Note that environment variables may be used when editing configuration files, as described in the :numref:`config_env_vars`.

____________________

.. code-block:: none

  model          = "FCST";
  desc           = "NA";
  obtype         = "ANALYS";
  regrid         = { ... }
  fcst           = { ... }
  obs            = { ... }
  climo_mean     = { ... }
  climo_stdev    = { ... }
  ci_alpha       = [ 0.05 ];
  boot           = { interval = PCTILE; rep_prop = 1.0; n_rep = 1000;
                     rng = "mt19937"; seed = ""; }
  mask           = { grid = ""; poly = ""; }
  gradient       = { dx = [ 1 ]; dy = [ 1 ]; }
  hss_ec_value   = NA;
  rank_corr_flag = TRUE;
  tmp_dir        = "/tmp";
  version        = "VN.N";

The configuration options listed above are common to many MET tools and are described in :numref:`config_options`.

____________________

.. code-block:: none

  block_size = 1024;

Number of grid points to be processed concurrently. Set smaller to use less memory but increase the number of passes through the data. The amount of memory the Series-Analysis tool consumes is determined by the size of the grid, the length of the series, and the block_size entry defined above. The larger this entry is set the faster the tool will run, subject to the amount of memory available on the machine.
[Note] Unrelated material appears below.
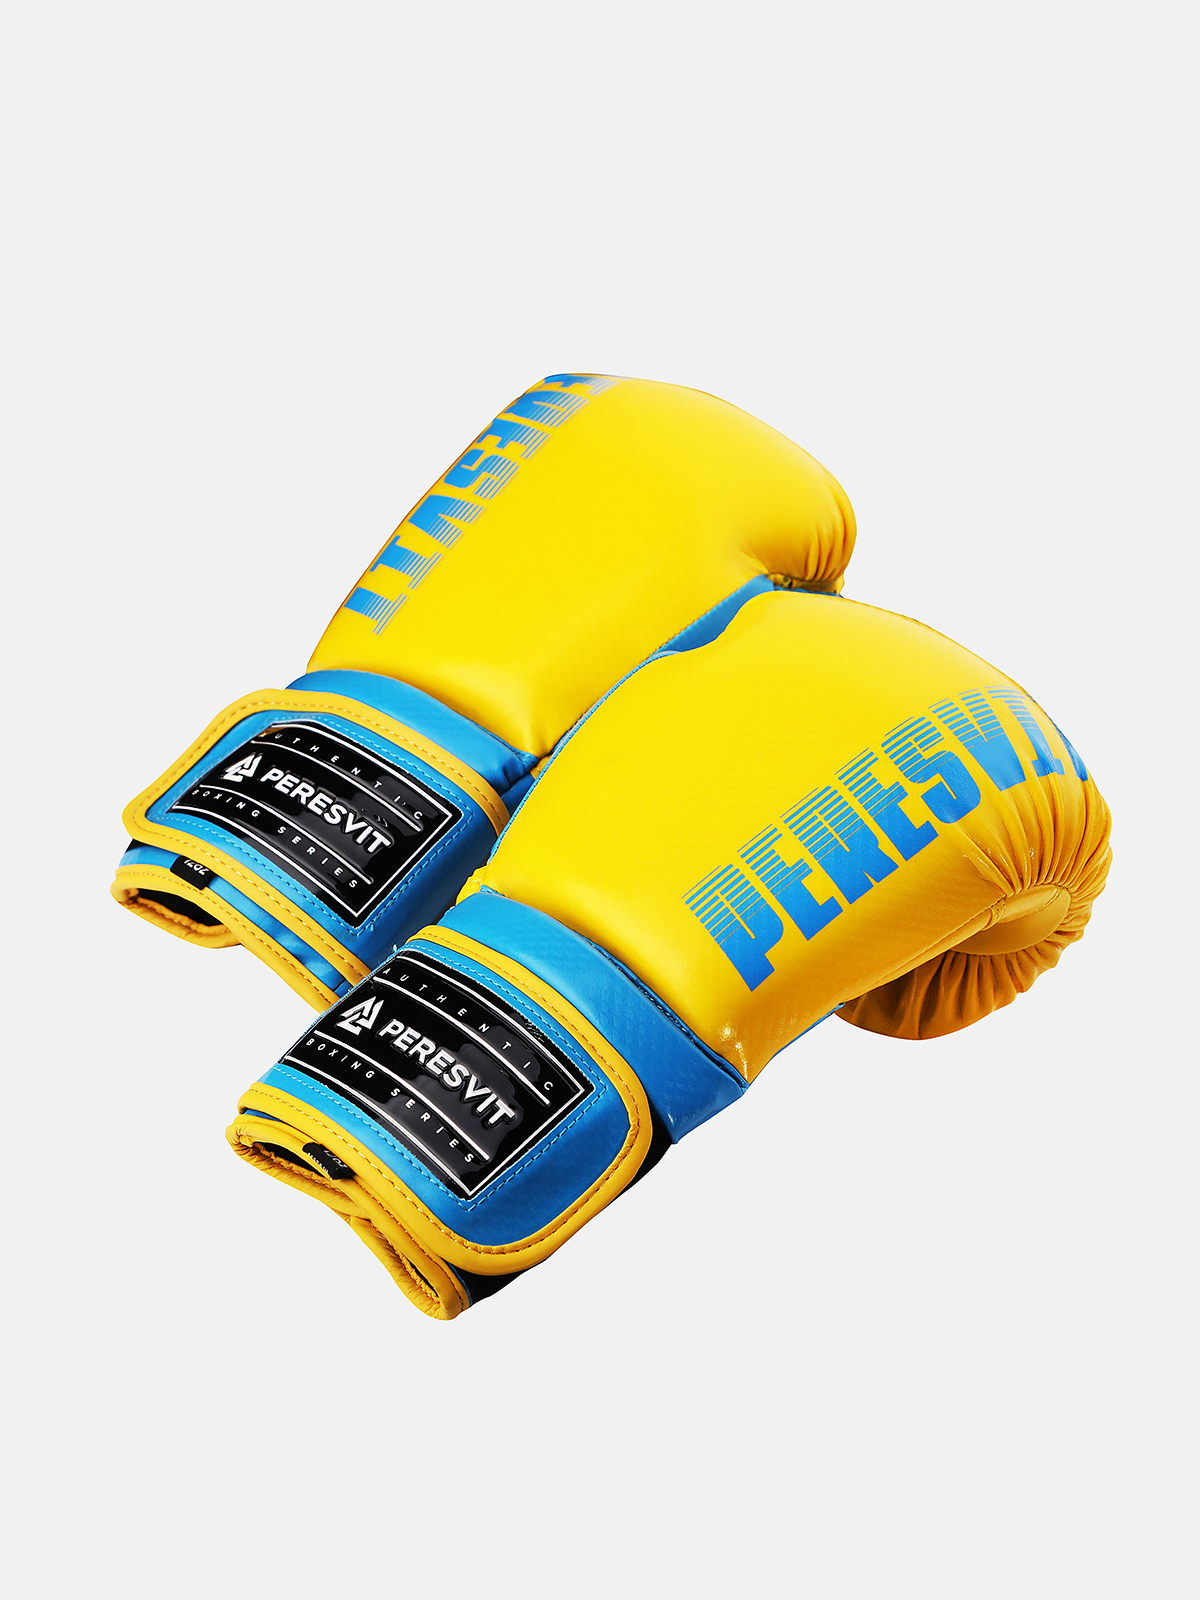 Peresvit Core Boxing Gloves Blue Yellow, Photo No. 4

If set less than or equal to 0, it is automatically reset to the number of grid points, and they are all processed concurrently.

____________________

.. code-block:: none

  vld_thresh = 1.0;

Ratio of valid matched pairs for the series of values at each grid point required to compute statistics. Set to a lower proportion to allow some missing values. Setting it to 1.0 requires that every data point be valid over the series to compute statistics.

____________________

.. code-block:: none

  output_stats = {
     fho    = [];
     ctc    = [];
     cts    = [];
     mctc   = [];
     mcts   = [];
     cnt    = ["RMSE", "FBAR", "OBAR"];
     sl1l2  = [];
     sal1l2 = [];
     pct    = [];
     pstd   = [];
     pjc    = [];
     prc    = [];
     grad   = [];
  }

The output_stats array controls the type of output that the Series-Analysis tool generates. Each flag corresponds to an output line type in the STAT file and is used to specify the comma-separated list of statistics to be computed. Use the column names from the tables listed below to specify the statistics. The output flags correspond to the following types of output line types:

1. FHO for Forecast, Hit, Observation Rates (See :numref:`table_PS_format_info_FHO`)
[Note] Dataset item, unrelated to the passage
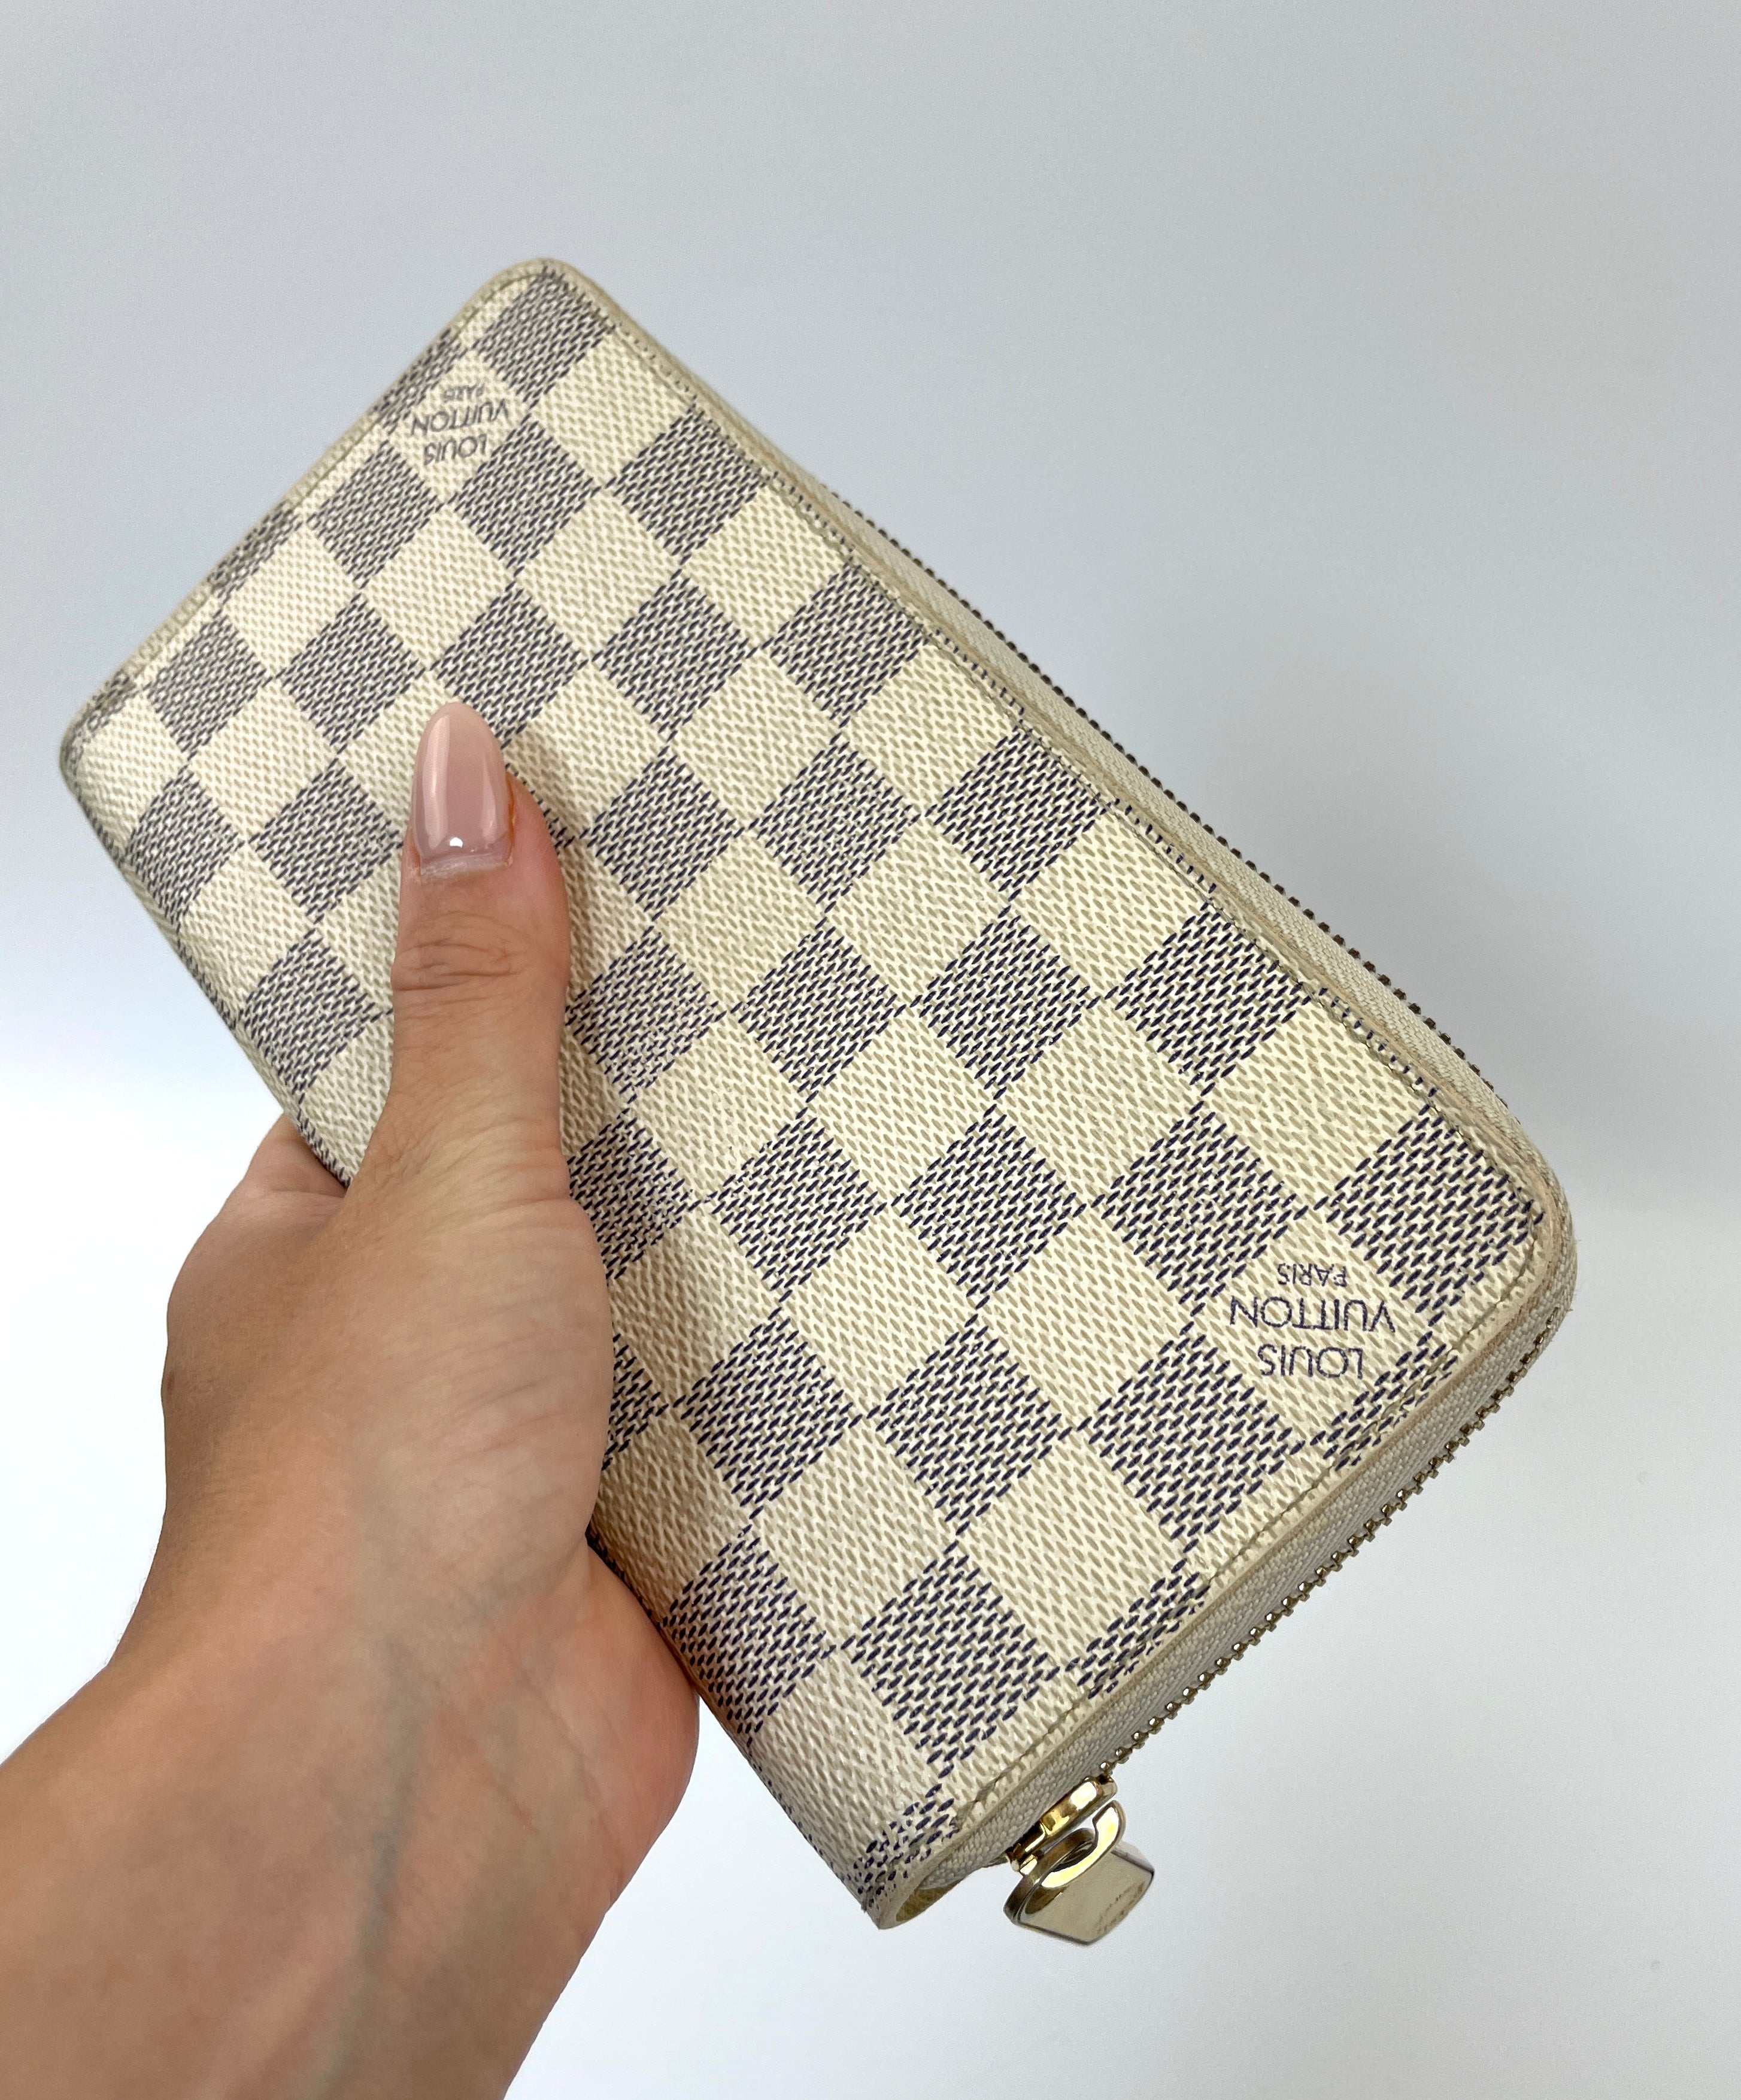 Louis Vuitton Zippy Wallet Damier Azur Used (5711)

2. CTC for Contingency Table Counts (See :numref:`table_PS_format_info_CTC`)

3. CTS for Contingency Table Statistics (See :numref:`table_PS_format_info_CTS`)

4. MCTC for Multi-Category Contingency Table Counts (See :numref:`table_PS_format_info_MCTC`)

5. MCTS for Multi-Category Contingency Table Statistics (See :numref:`table_PS_format_info_MCTS`)

6. CNT for Continuous Statistics (See :numref:`table_PS_format_info_CNT`)

7. SL1L2 for Scalar L1L2 Partial Sums (See :numref:`table_PS_format_info_SL1L2`)

8. SAL1L2 for Scalar Anomaly L1L2 Partial Sums climatological data is supplied (See :numref:`table_PS_format_info_SAL1L2`)

9. PCT for Contingency Table Counts for Probabilistic forecasts (See :numref:`table_PS_format_info_PCT`)

10. PSTD for Contingency Table Statistics for Probabilistic forecasts (See :numref:`table_PS_format_info_PSTD`)

11. PJC for Joint and Conditional factorization for Probabilistic forecasts (See :numref:`table_PS_format_info_PJC`)

12. PRC for Receiver Operating Characteristic for Probabilistic forecasts (See :numref:`table_PS_format_info_PRC`)

13. GRAD for Gradient Statistics (See :numref:`table_GS_format_info_GRAD`)

.. note:: When the -input option is used, all partial sum and contingency table count columns are required to aggregate statistics across multiple runs. To facilitate this, the output_stats entries for the CTC, SL1L2, SAL1L2, PCT, and GRAD line types can be set to "ALL" to indicate that all available columns for those line types should be written.